A. Pengertian
Ulkus kornea merupakan diskontinuitas atau hilangnya sebagian
permukaan kornea akibat kematian jaringan kornea, diskontinuitas jaringan
kornea dapat terjadi dari epitel sampai stroma. Terbentuknya ulkus kornea
diakibatkan oleh adanya kolagenase yang dibentuk oleh sel epitel baru dan sel
radang (Ruly, 2018)
B. Etiologi
Penyebab ulkus kornea antara lain sebagai berikut (Ruly, 2018):
1. Infeksi bakteri
Bakteri yang sering menyebabkan ulkus kornea adalah Streptokokus alfa
hemolitik, Stafilokokus aureus, Moraxella likuefasiens, Pseudomonas
aeroginosa, Nocardia asteroids, Alcaligenes sp, Streptokokus anaerobic,
Streptokokus beta hemolitik, Enterobakter hafniae, Proteus sp, Stafilokokus
epidermidis, infeksi campuran Erogenes dan Stafilokokus aureus.
2. Infeksi jamur
Disebabkan oleh Candida, Fusarium, Aspergilus, Cephalosporium, dan
spesies mikosis fungoides
3. Infeksi virus
Ulkus kornea yang disebabkan oleh virus herpes simplex cukup sering
dijumpai.
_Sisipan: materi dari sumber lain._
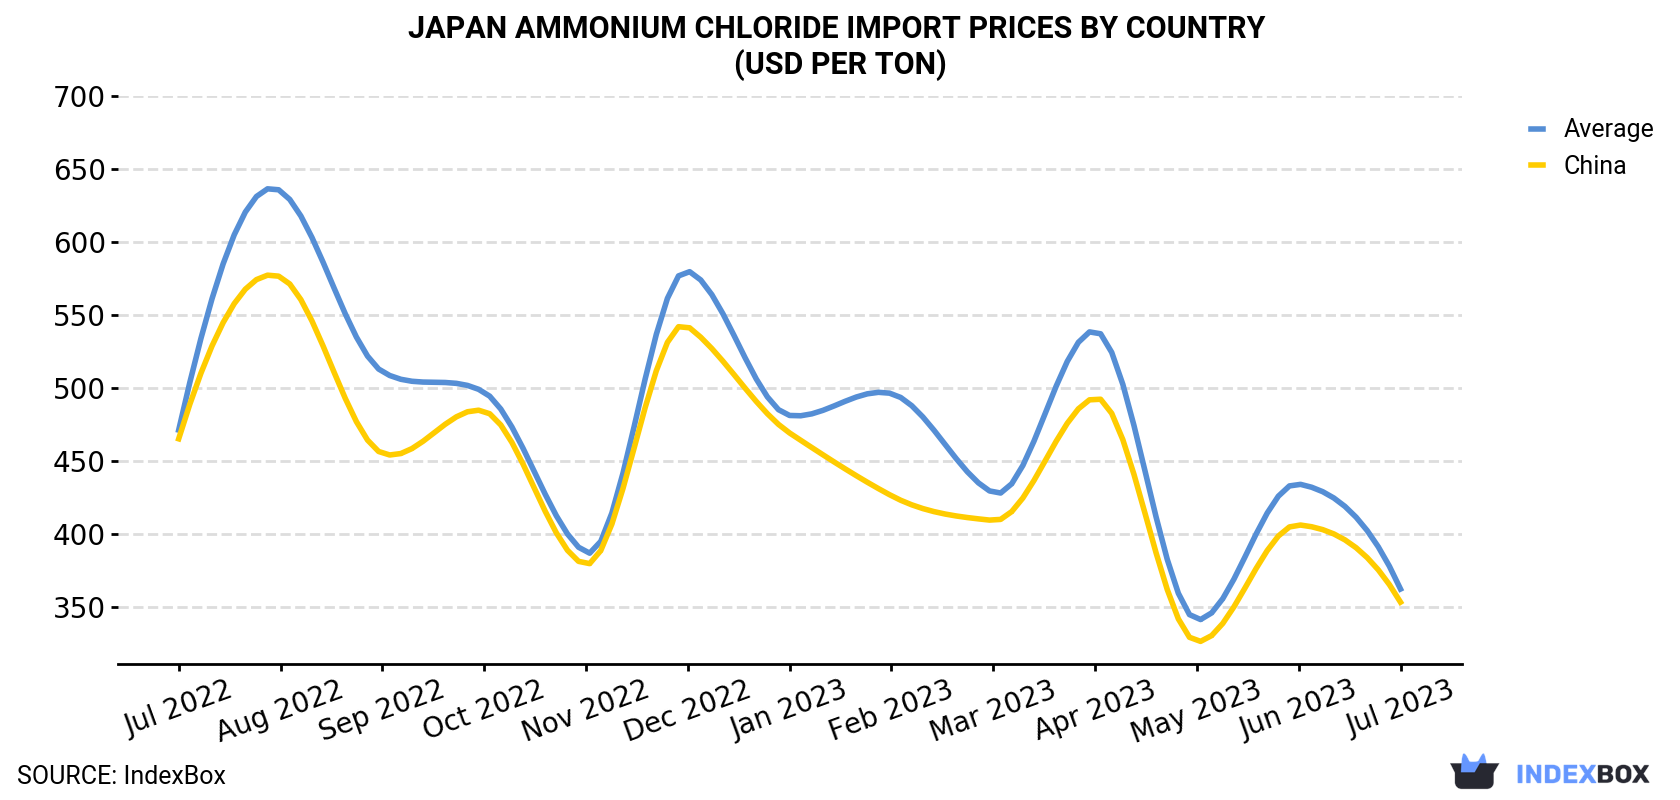 Japan Ammonium Chloride Import Prices By Country (USD Per Ton)

Bentuk khas dendrit dapat diikuti oleh vesikel-vesikel kecil
dilapisan epitel yang bila pecah akan menimbulkan ulkus. Ulkus dapat juga
terjadi pada bentuk disciform bila mengalami nekrosis di bagian sentral.
Infeksi virus lainnya adalah virus varicella-zoster, variola, vacinia.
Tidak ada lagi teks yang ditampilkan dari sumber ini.